Guy I work for had to replace one in a 6640 Gehl skid steer about two yrs ago. It had gotten a hole rubbed thru the oil pan and lost all the oil. Guy running it, at the time, plays hell on any kind of equipment anyway. I think it cost him upward of $10k to put a reman in it. This was the second engine put in that same machine. First one was replaced under warranty. Sad thing is the machine still has less than 1000 hrs on it today.


----------



## mlappin (Jun 25, 2009)

This is in a Bobcat 864, new rubber tracks installed last year. Also replaced both final drives as they were leaking once in a while.

Don't think it's a head gasket, don't hear any escaping compression unless of course its doing it from one cylinder to the next. Not sure if that would cover the crazy oil consumption but it might if it was pumping oil into the cylinder on the intake stroke.


----------



## cmd (Oct 26, 2012)

mlappin said:


> This is in a Bobcat 864, new rubber tracks installed last year. Also replaced both final drives as they were leaking once in a while.
> 
> Don't think it's a head gasket, don't hear any escaping compression unless of course its doing it from one cylinder to the next. Not sure if that would cover the crazy oil consumption but it might if it was pumping oil into the cylinder on the intake stroke.

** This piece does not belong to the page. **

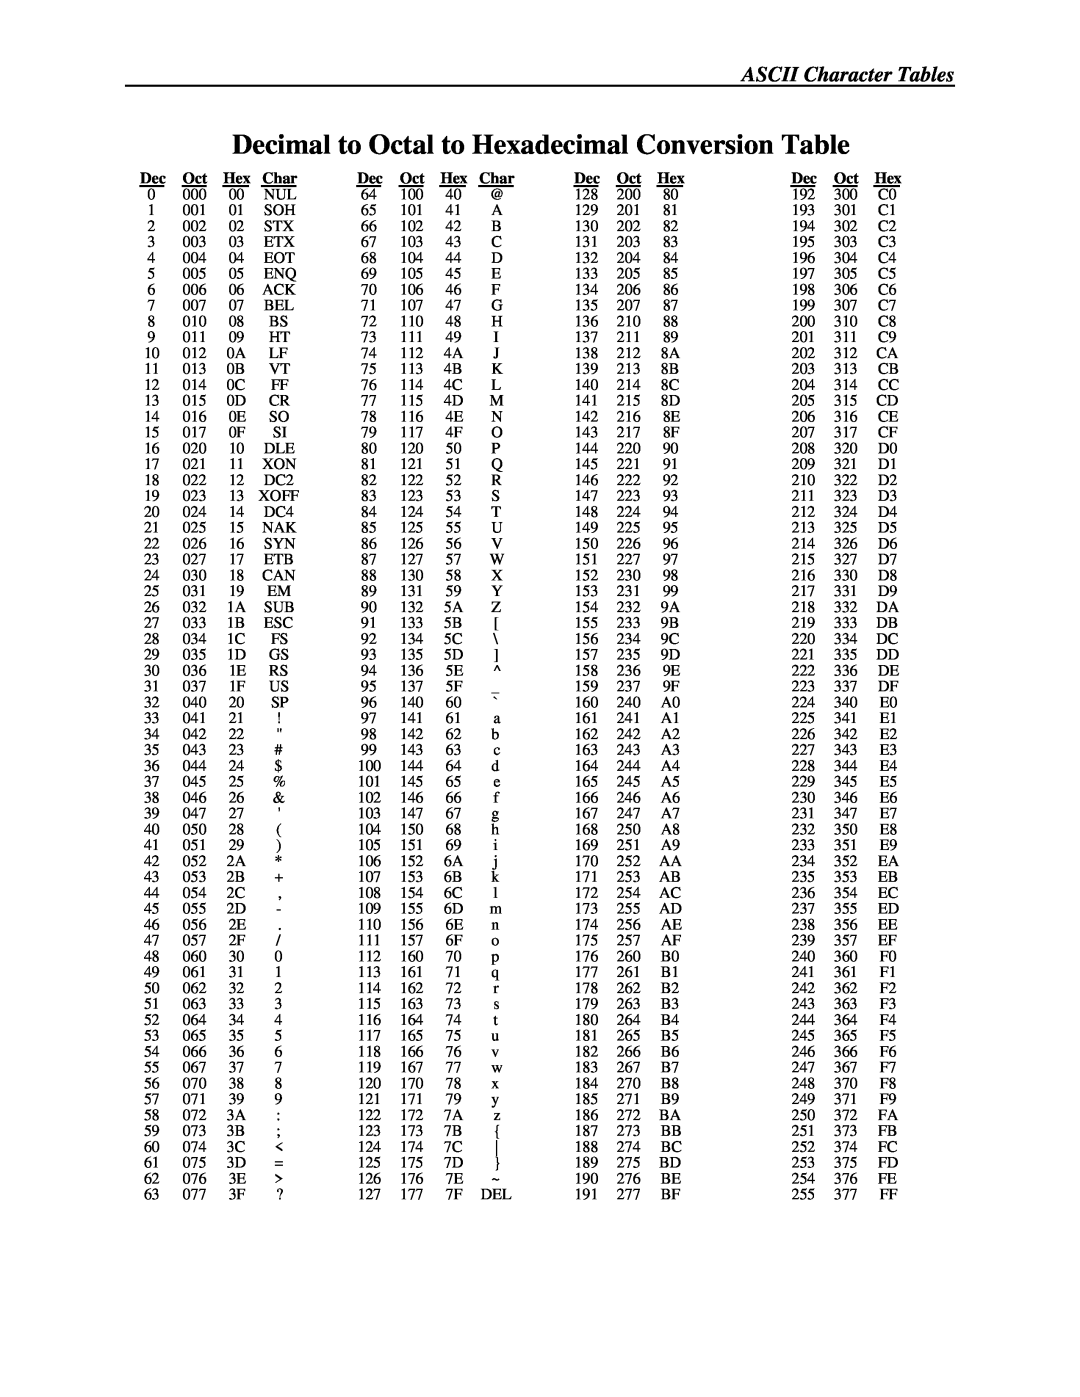 Printek 4500, 4503, 4300 manual Decimal to Octal to Hexadecimal Conversion Table, Char 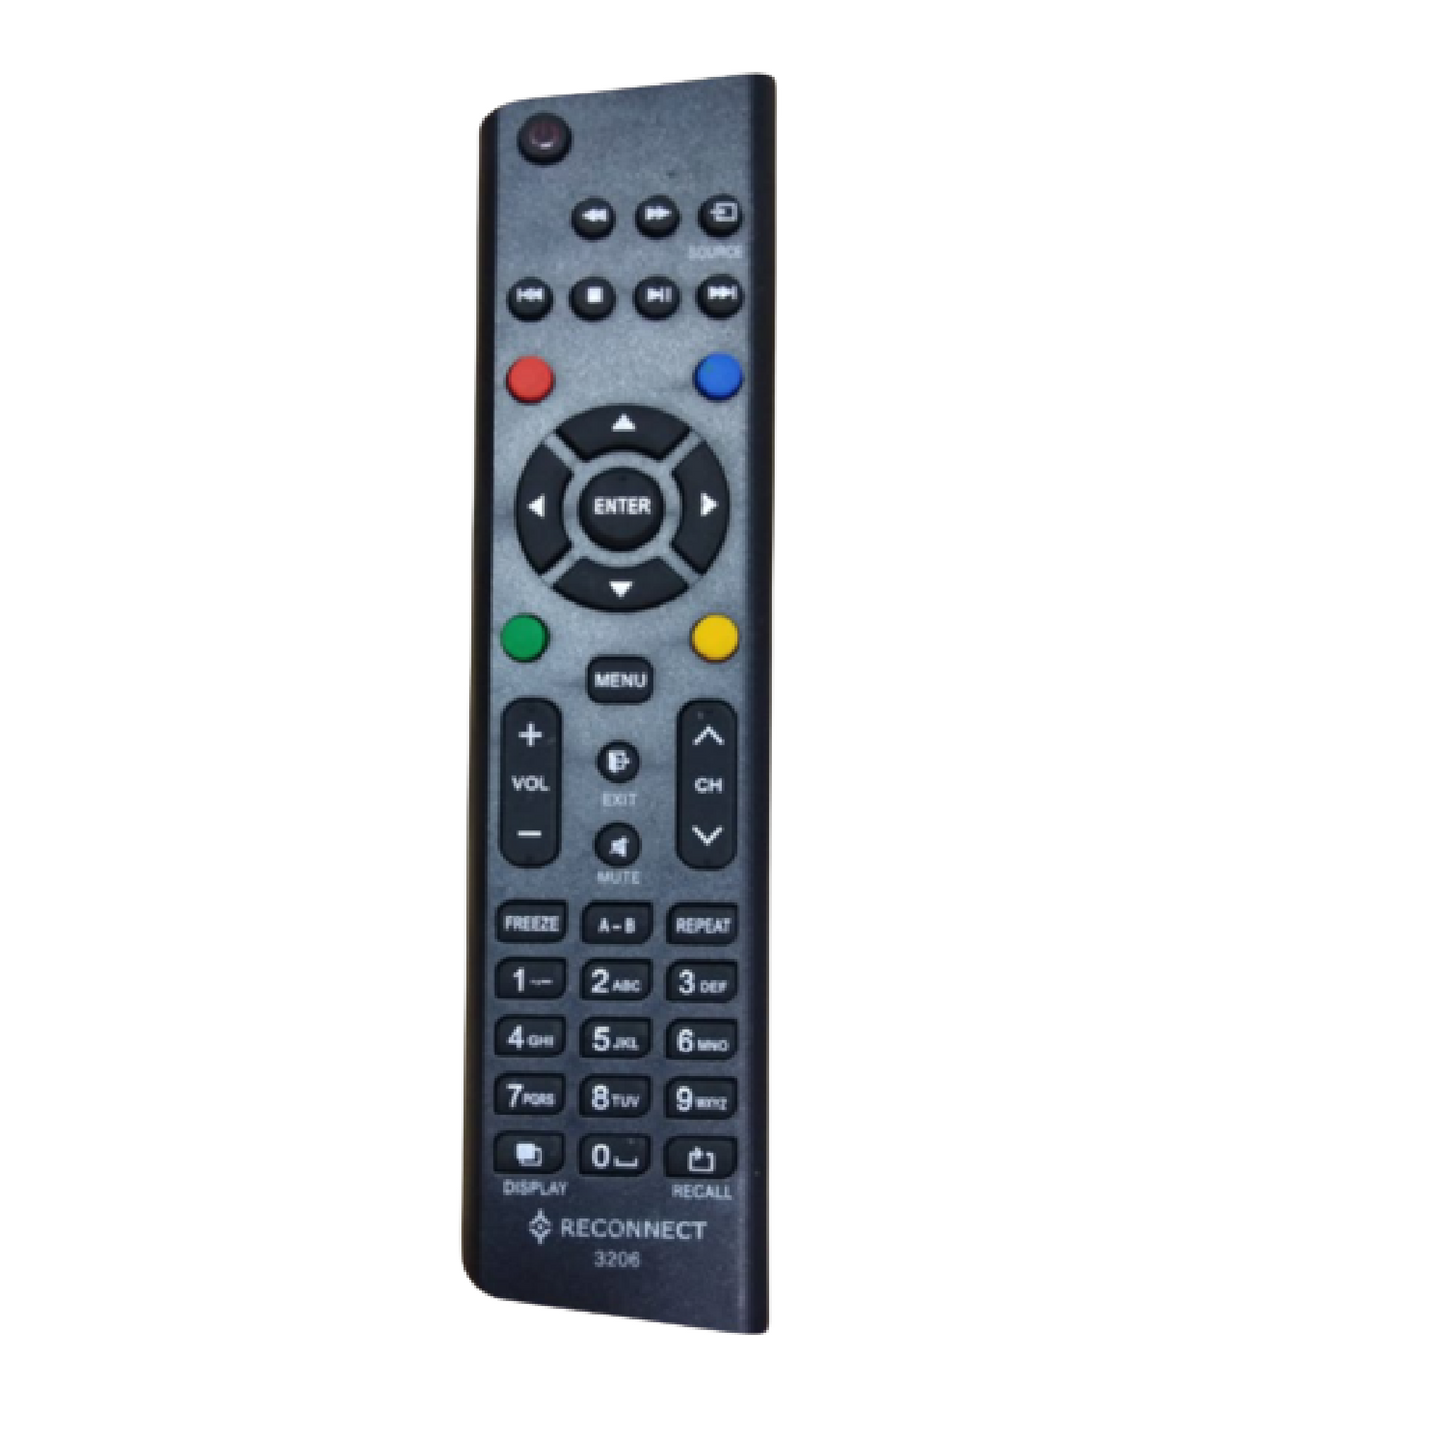 Reconnect  led tv remote(3206) - Faritha

If it's the head gasket the only way you might hear anything would be to pull a glow plug and crank the engine and see if you can hear oil puking into the cylinder. I think that machine is basically an 863 on tracks so you should be able to have that head off in an hour or hour in a half which is what I would do first before pulling the engine. I'd also put some cheap oil in and a manual oil pressure gauge to see if and what it's putting out, sending unit is on the easy side of the block on the 863's and you can screw in a test gauge there. I'd also pull the glow plugs and see if any in particular are oil covered. No matter what the issue is I find it odd that it shut off and won't start and that you never heard anything come loose in the engine. You would think even if you wasted one cylinder the other three should keep it going. I can't say on your model but the T series had low oil pressure shut down. Be a good time to check the the timing belt and push rods, that could have shut you down. If you don't know the last time it had a timing belt then it needs one.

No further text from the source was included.